How to complete this task: Drop the pictures and repeat the remaining data exactly.

Provided data:
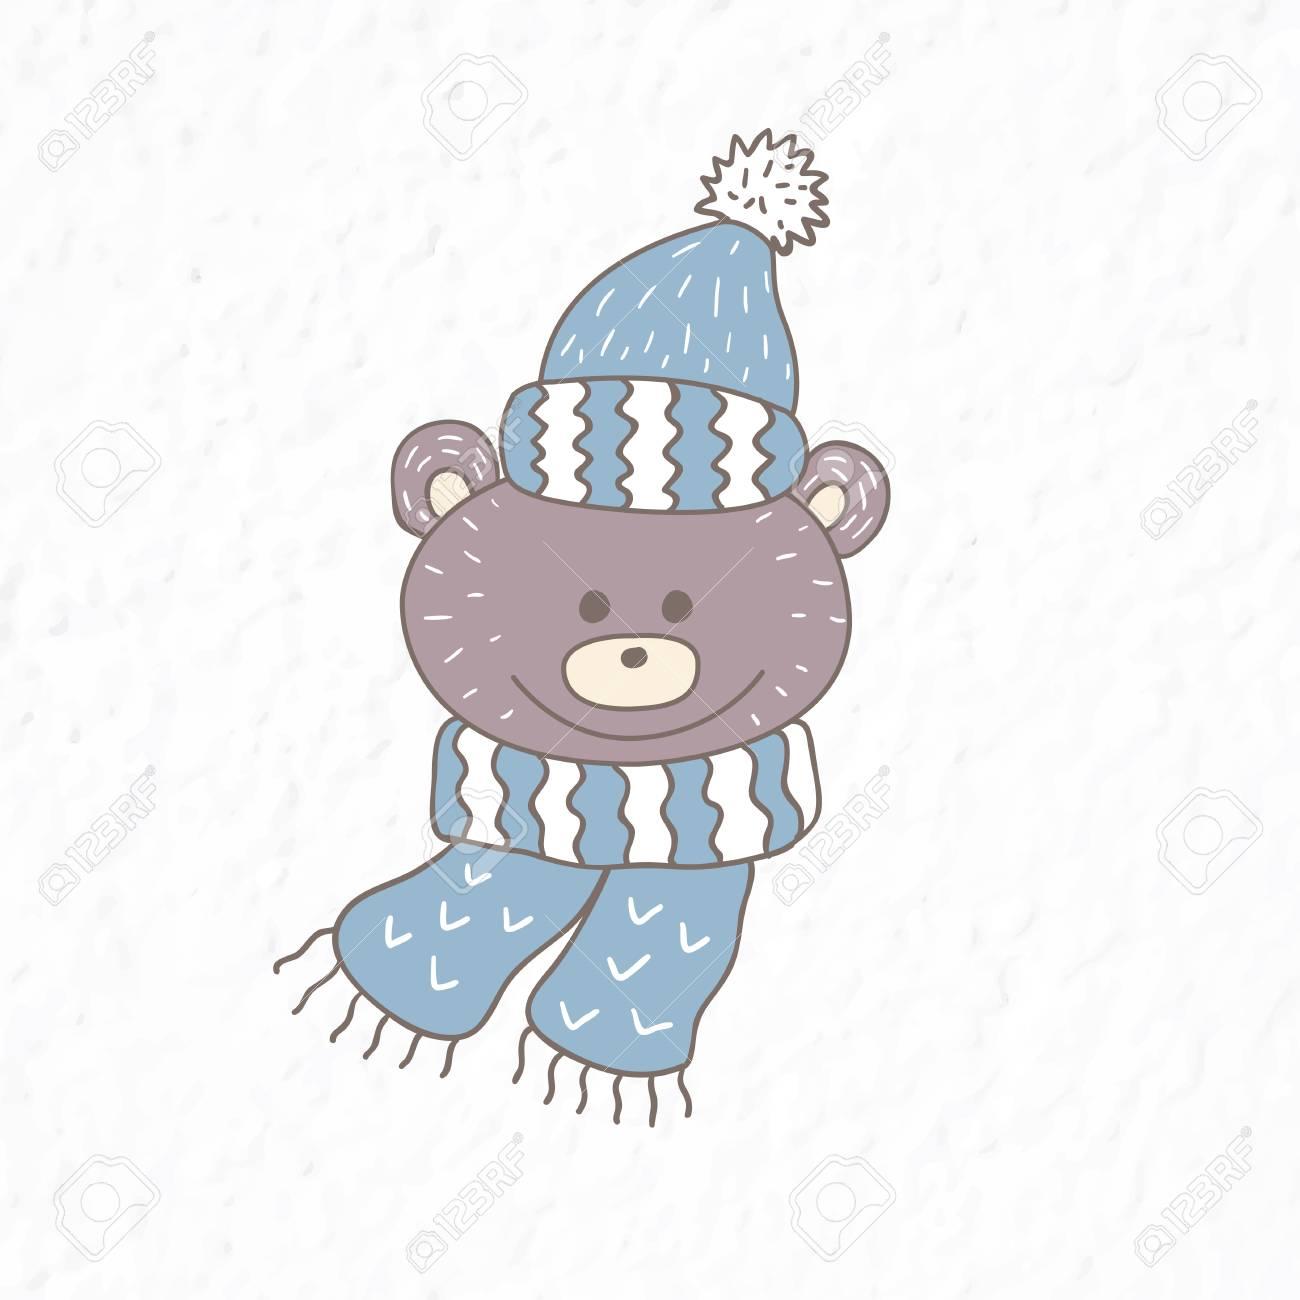 1075fa05 Funny teddy bear. Nursery art. Minimalist scandinavian style...
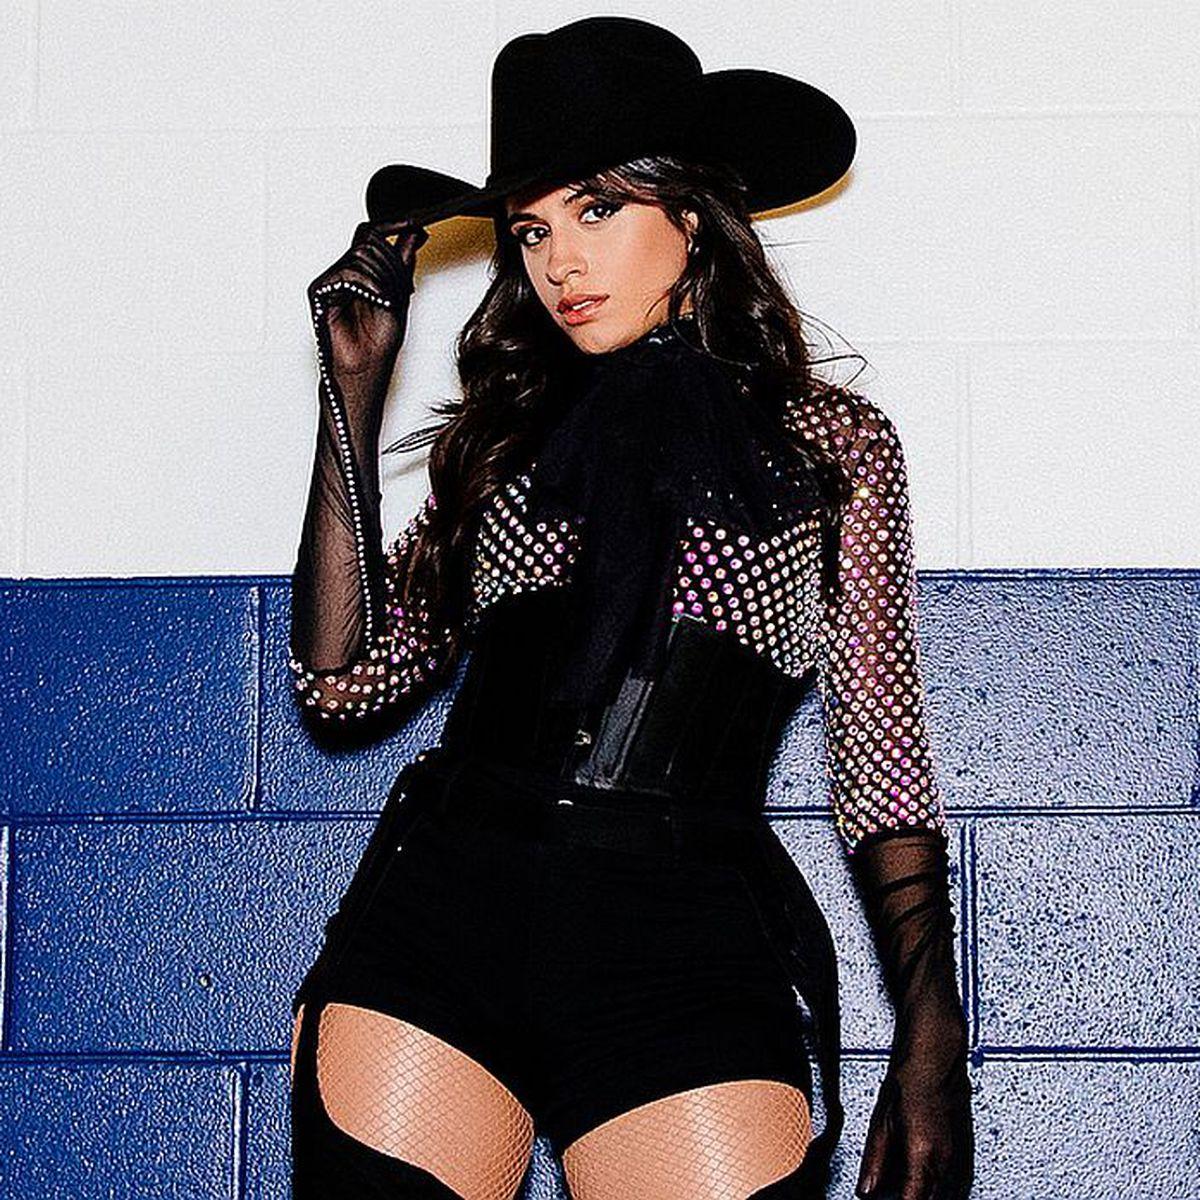 Homenaje Quintanilla Camila Cabello Le A Selena Rindió CxodeB
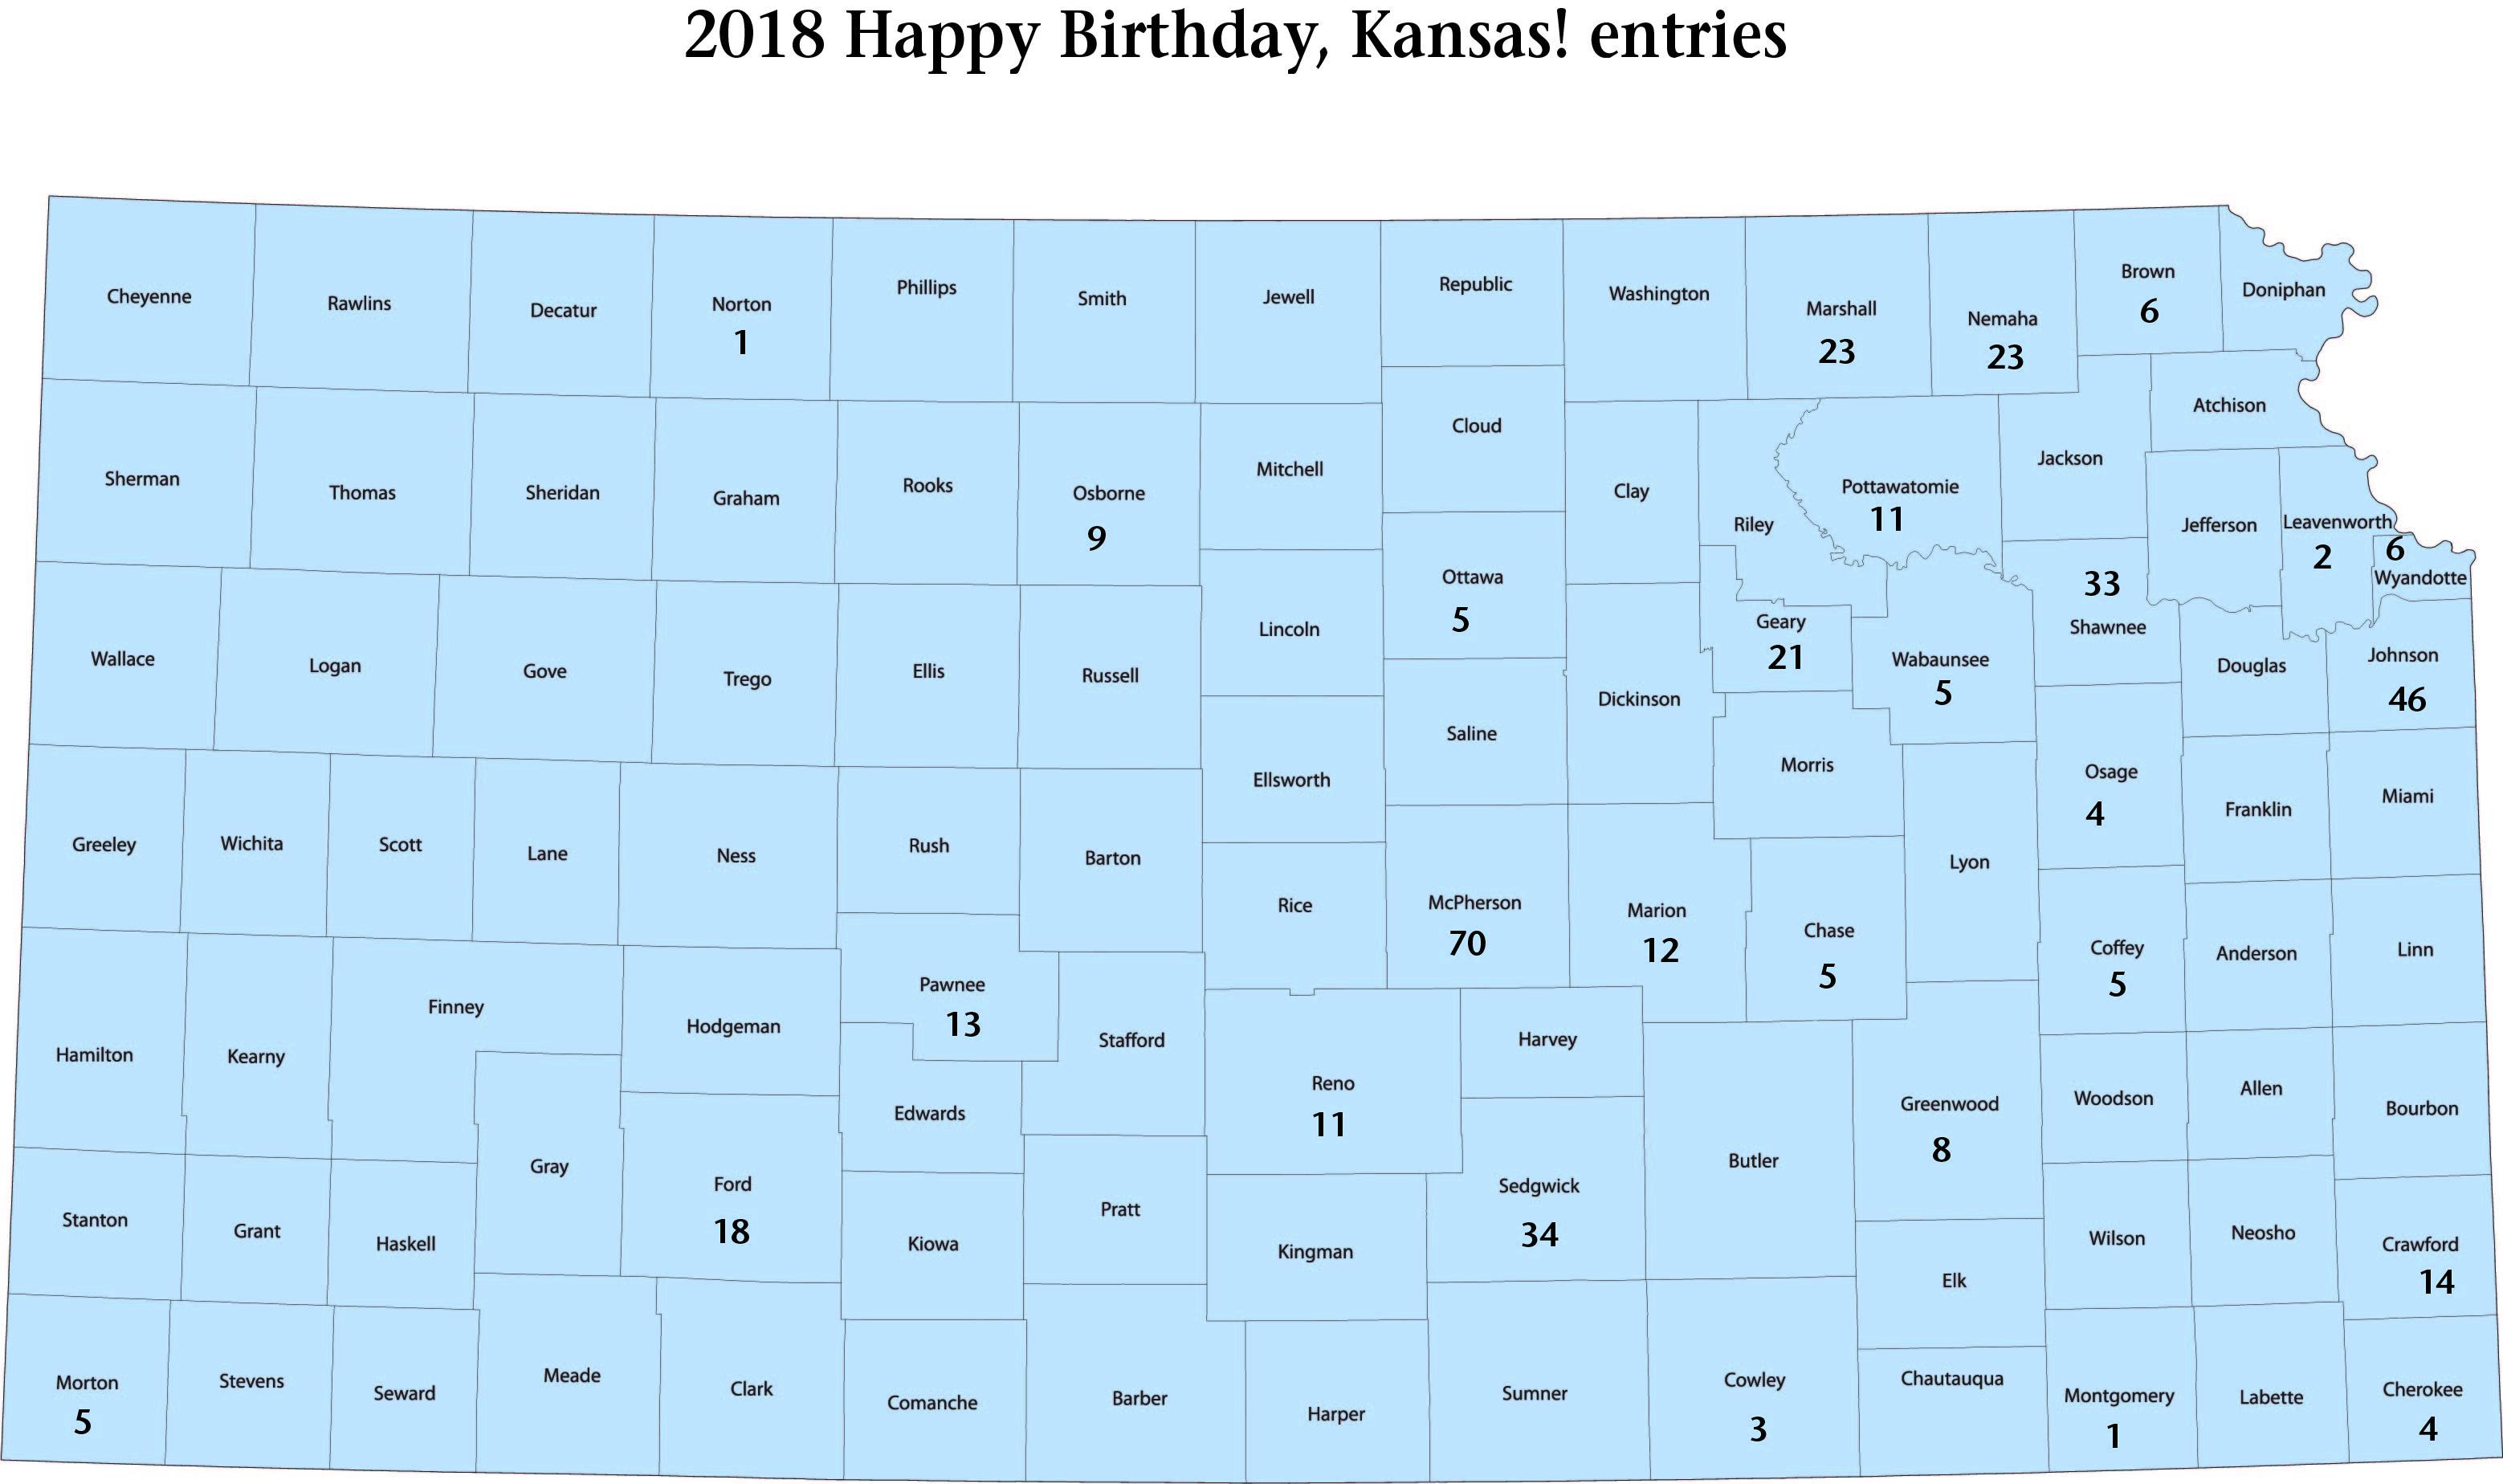 Happy Birthday, Kansas! Student Photo Contest Entries

Answer space:
 1075fa05 Funny teddy bear. Nursery art. Minimalist scandinavian style...
 Homenaje Quintanilla Camila Cabello Le A Selena Rindió CxodeB
 Happy Birthday, Kansas! Student Photo Contest Entries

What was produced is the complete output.